Ordered a 16" heat plate on Aug 19th, going on the 7th week now, two emails and a voicemail and still haven't heard from them on any type of status.  Actually went last week and just bought one local because figured by the time I got it (if ever) it would be the middle of winter and worthless then.

Actually left a voicemail/email trying to get the order changed to a 20" plate due to having a friend that could use one now that I no longer need one.  I'm doubting I'll ever hear back from them.

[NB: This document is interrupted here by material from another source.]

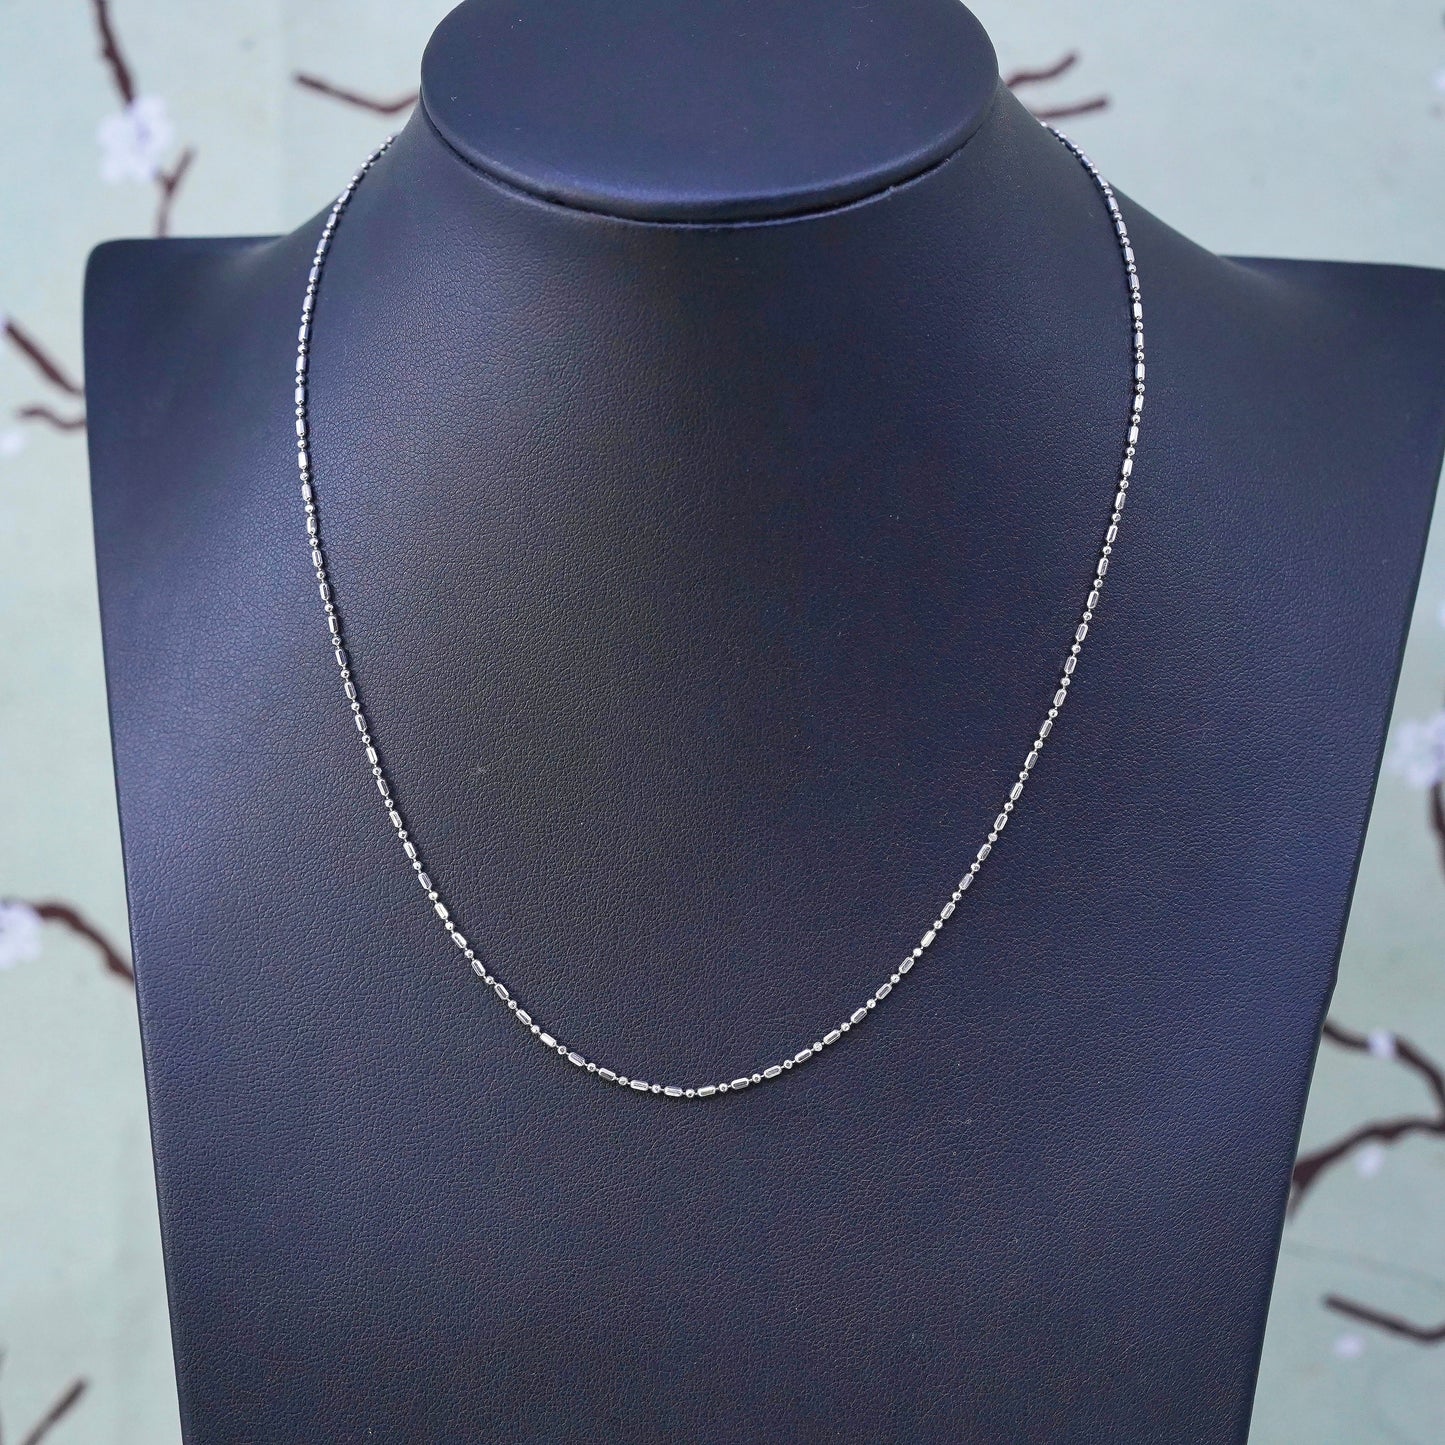 16", 1mm, Vintage sterling silver beads chain, 925 necklace
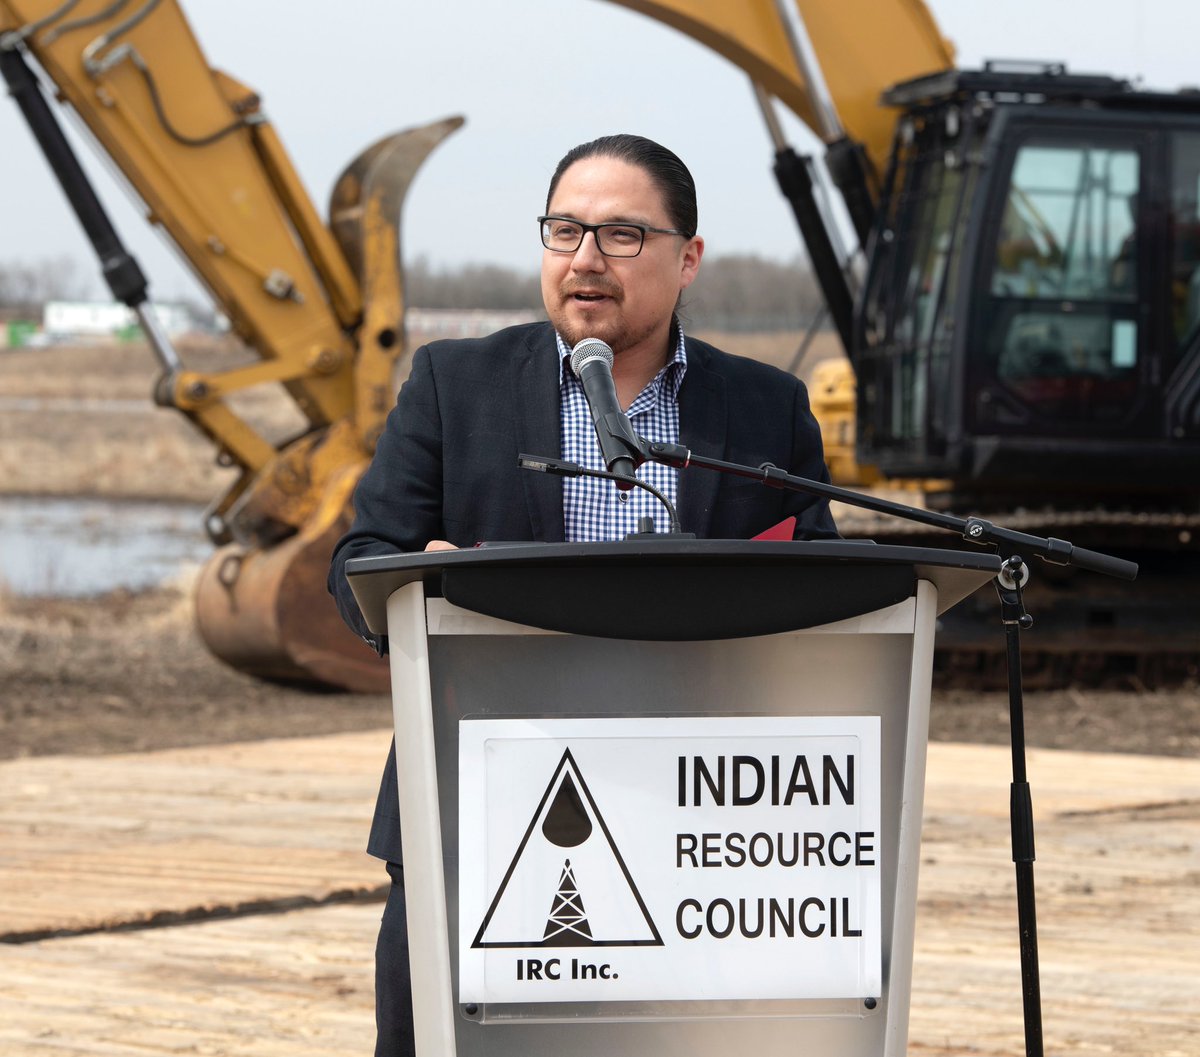 Joined the @IRCCanada at the Enoch Cree First Nation to celebrate the success of our Site Reclamation Program that has helped clean up 1300 abandoned oil wells on Reserves, while creating hundreds of good jobs for indigenous people.

I understand being backed up, understandable, but would be nice to know whats going on.


----------



## dburne (Sep 30, 2013)

Fwiw, I got voice mail a couple of time and did not bother leaving a message, I kept calling every little bit until someone picked up the phone which they eventually did. Once I actually talked to them on the phone, things started happening with my order.


----------



## hopmeister (Sep 30, 2013)

After multiple broken promises given to my wife and I we had zero confidence in this company so we opted to take our businesses elsewhere.


----------



## snowrider (Oct 2, 2013)

kcphilaflyer said:


> Ordered a 16" heat plate on Aug 19th, going on the 7th week now, two emails and a voicemail and still haven't heard from them on any type of status.  Actually went last week and just bought one local because figured by the time I got it (if ever) it would be the middle of winter and worthless then.
> 
> Actually left a voicemail/email trying to get the order changed to a 20" plate due to having a friend that could use one now that I no longer need one.  I'm doubting I'll ever hear back from them.
> 
> I understand being backed up, understandable, but would be nice to know whats going on.


Yeah, that's what goes on with them.


----------



## hopmeister (Oct 2, 2013)

I have no faith in them


----------